> **Brief**
Give back all of the data exactly, with every picture omitted.

> **Data for the task**
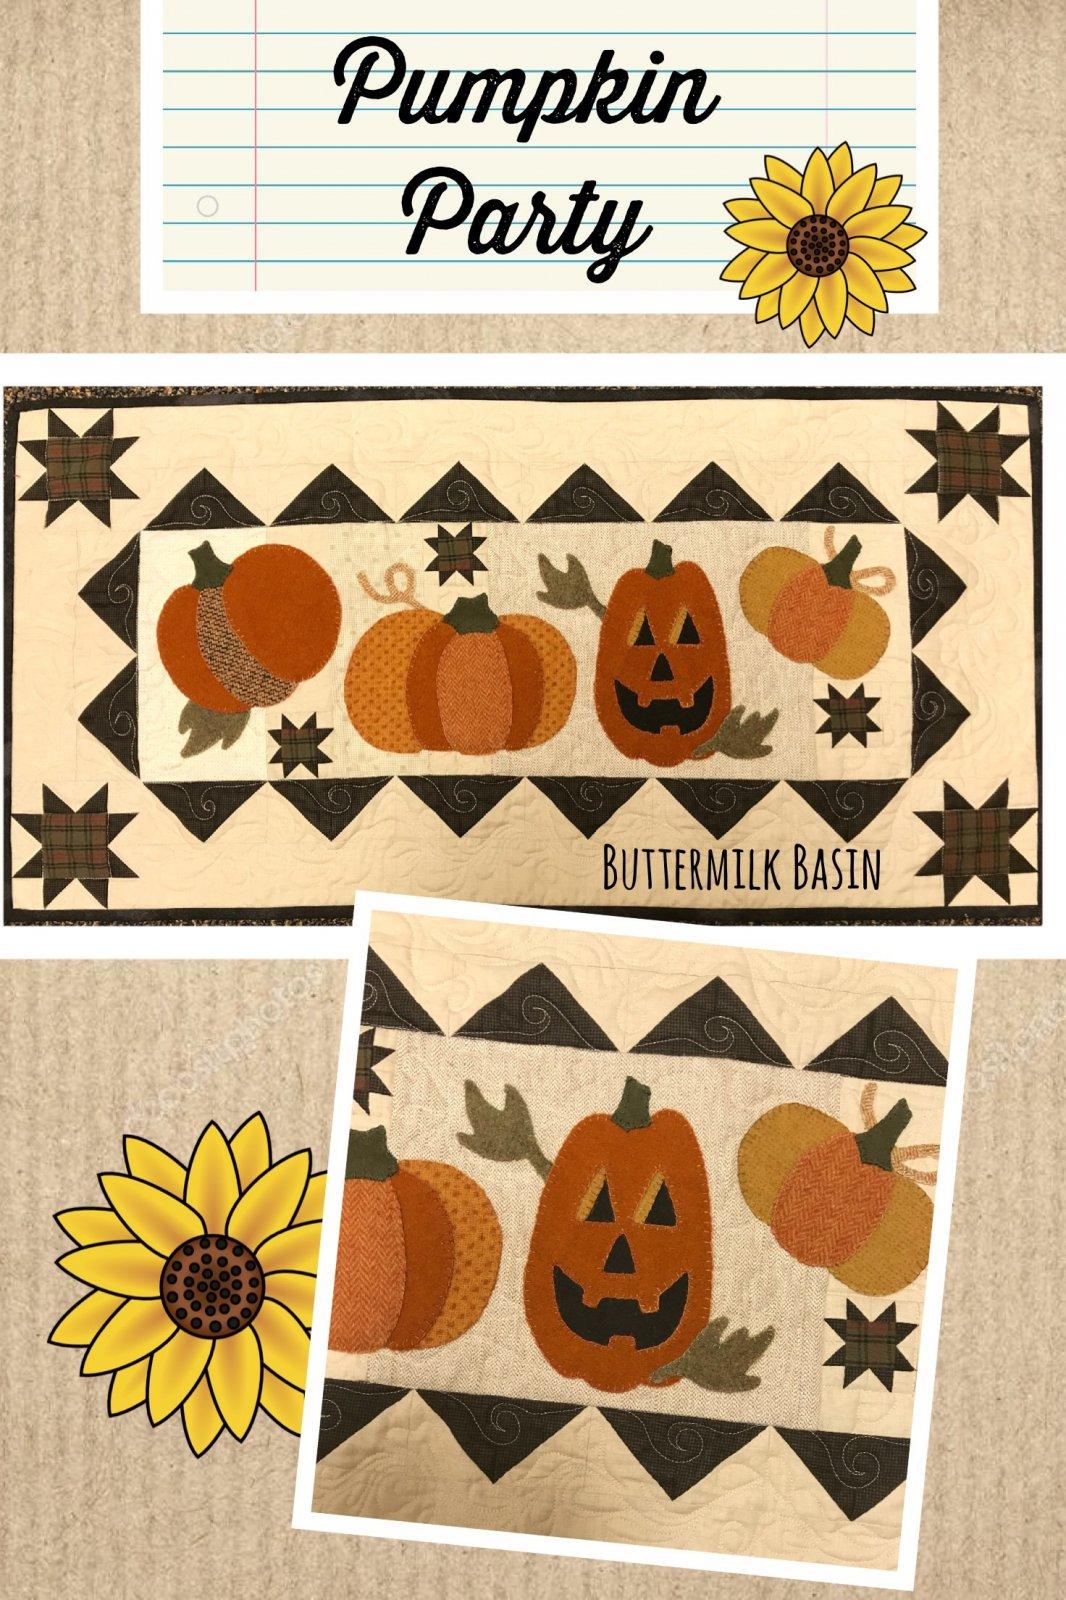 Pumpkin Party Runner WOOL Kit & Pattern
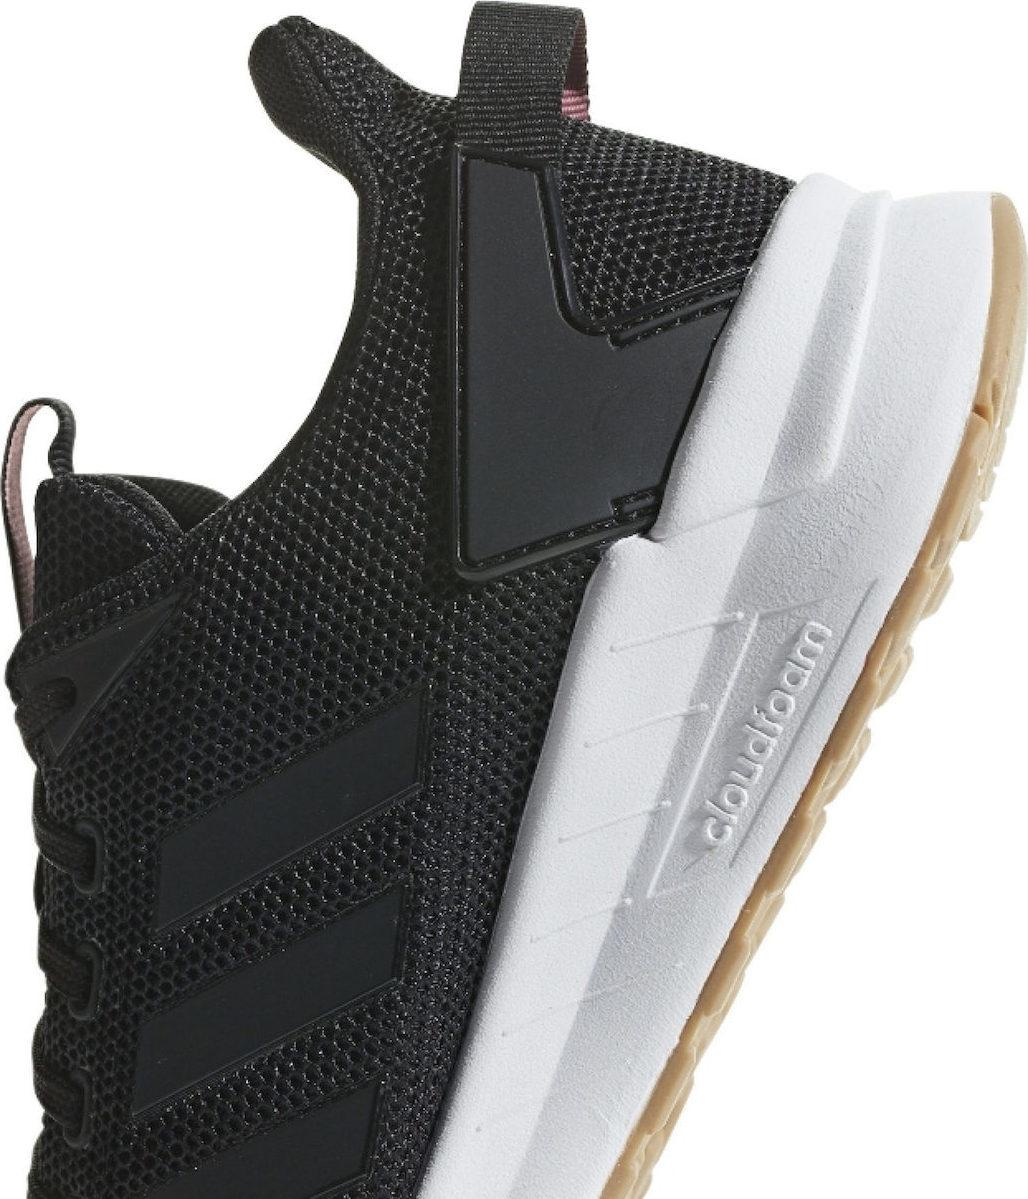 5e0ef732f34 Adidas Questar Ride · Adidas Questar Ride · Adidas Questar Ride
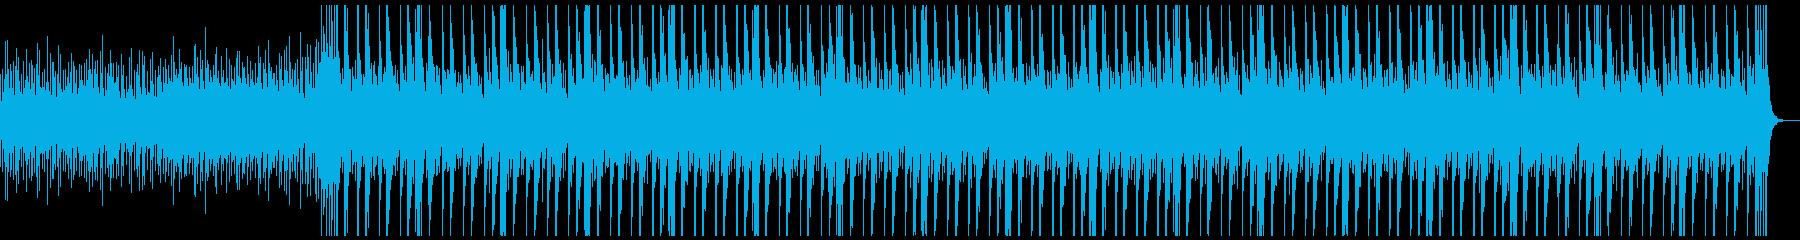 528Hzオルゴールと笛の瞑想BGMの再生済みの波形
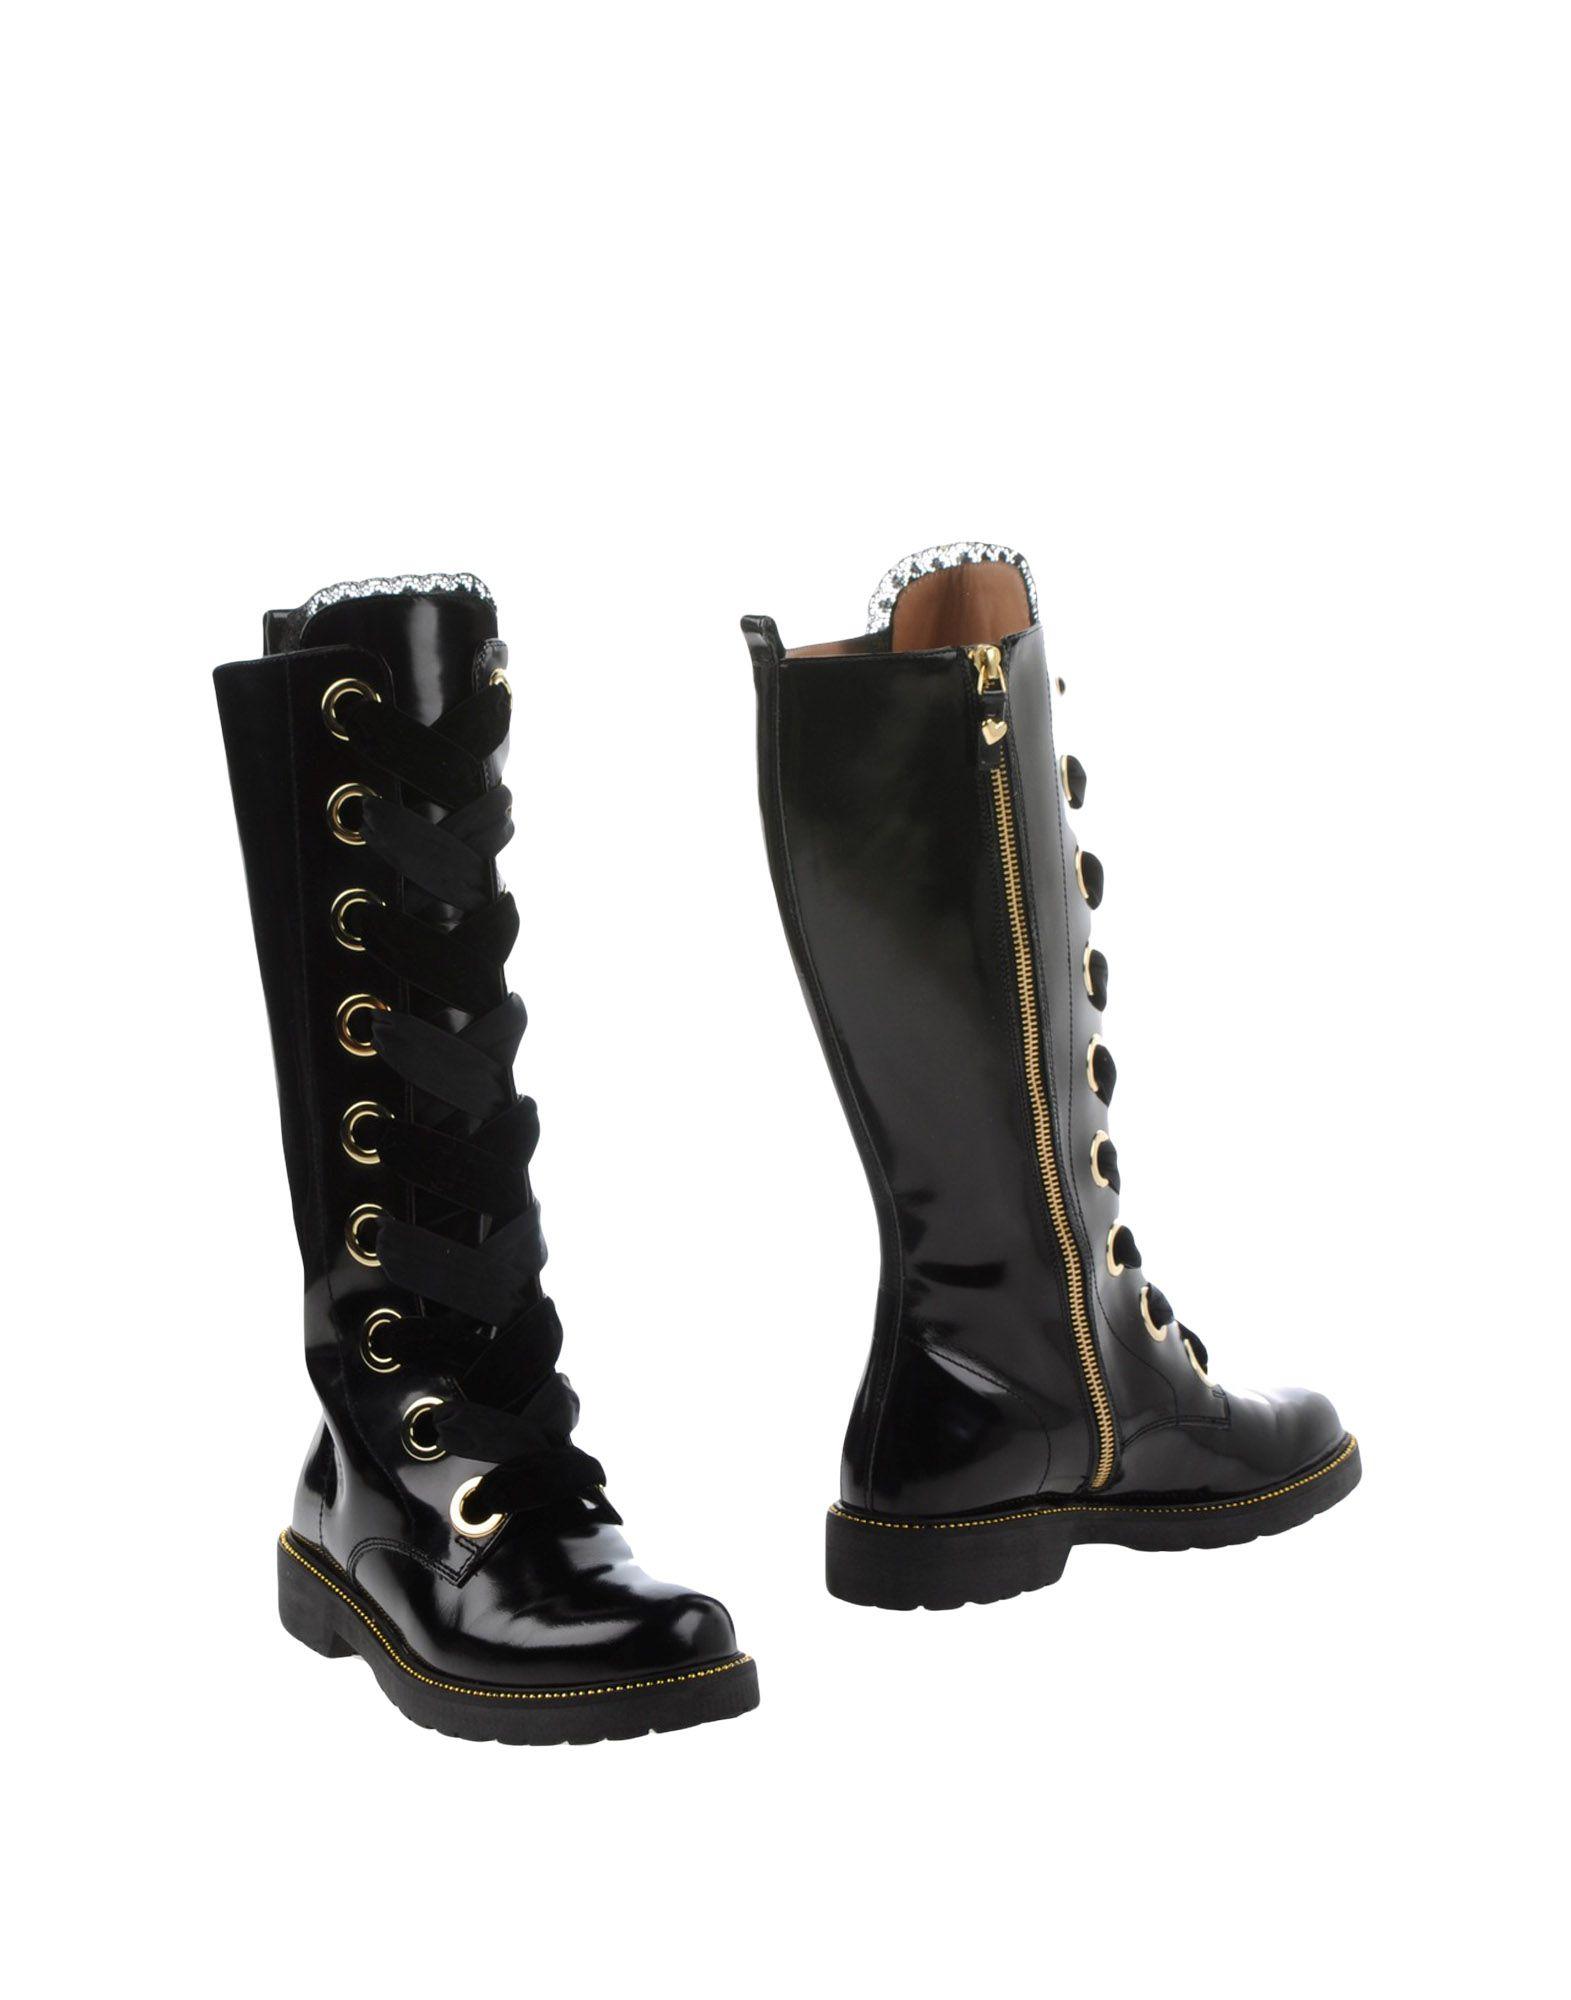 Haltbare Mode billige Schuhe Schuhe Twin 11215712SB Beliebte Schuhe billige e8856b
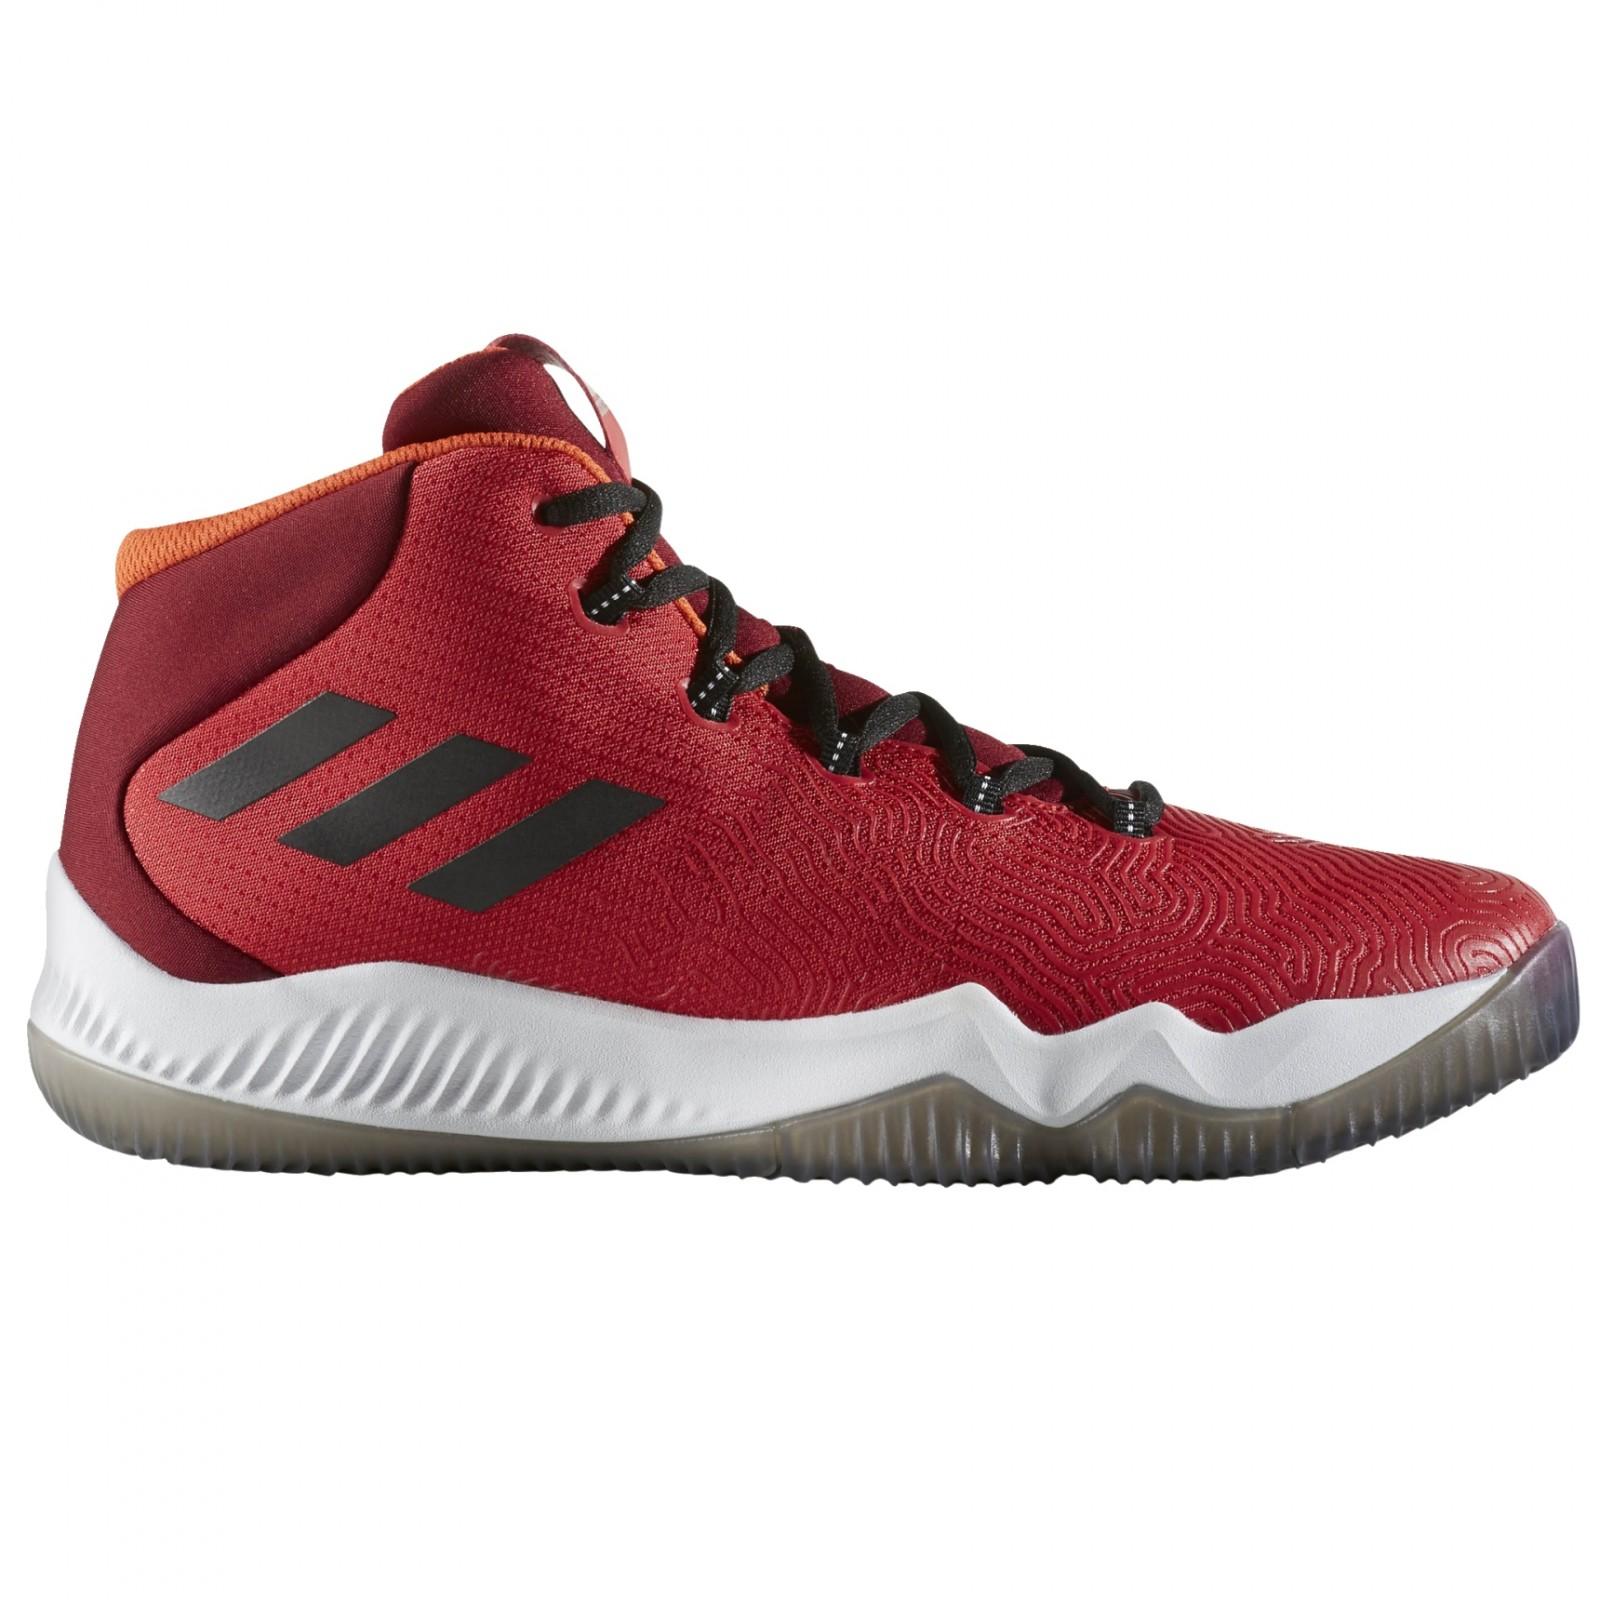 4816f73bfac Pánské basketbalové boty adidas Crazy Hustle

> **Written solution**
 Pumpkin Party Runner WOOL Kit & Pattern
 5e0ef732f34 Adidas Questar Ride · Adidas Questar Ride · Adidas Questar Ride
 528Hzオルゴールと笛の瞑想BGMの再生済みの波形
 Haltbare Mode billige Schuhe Schuhe Twin 11215712SB Beliebte Schuhe billige e8856b
 4816f73bfac Pánské basketbalové boty adidas Crazy Hustle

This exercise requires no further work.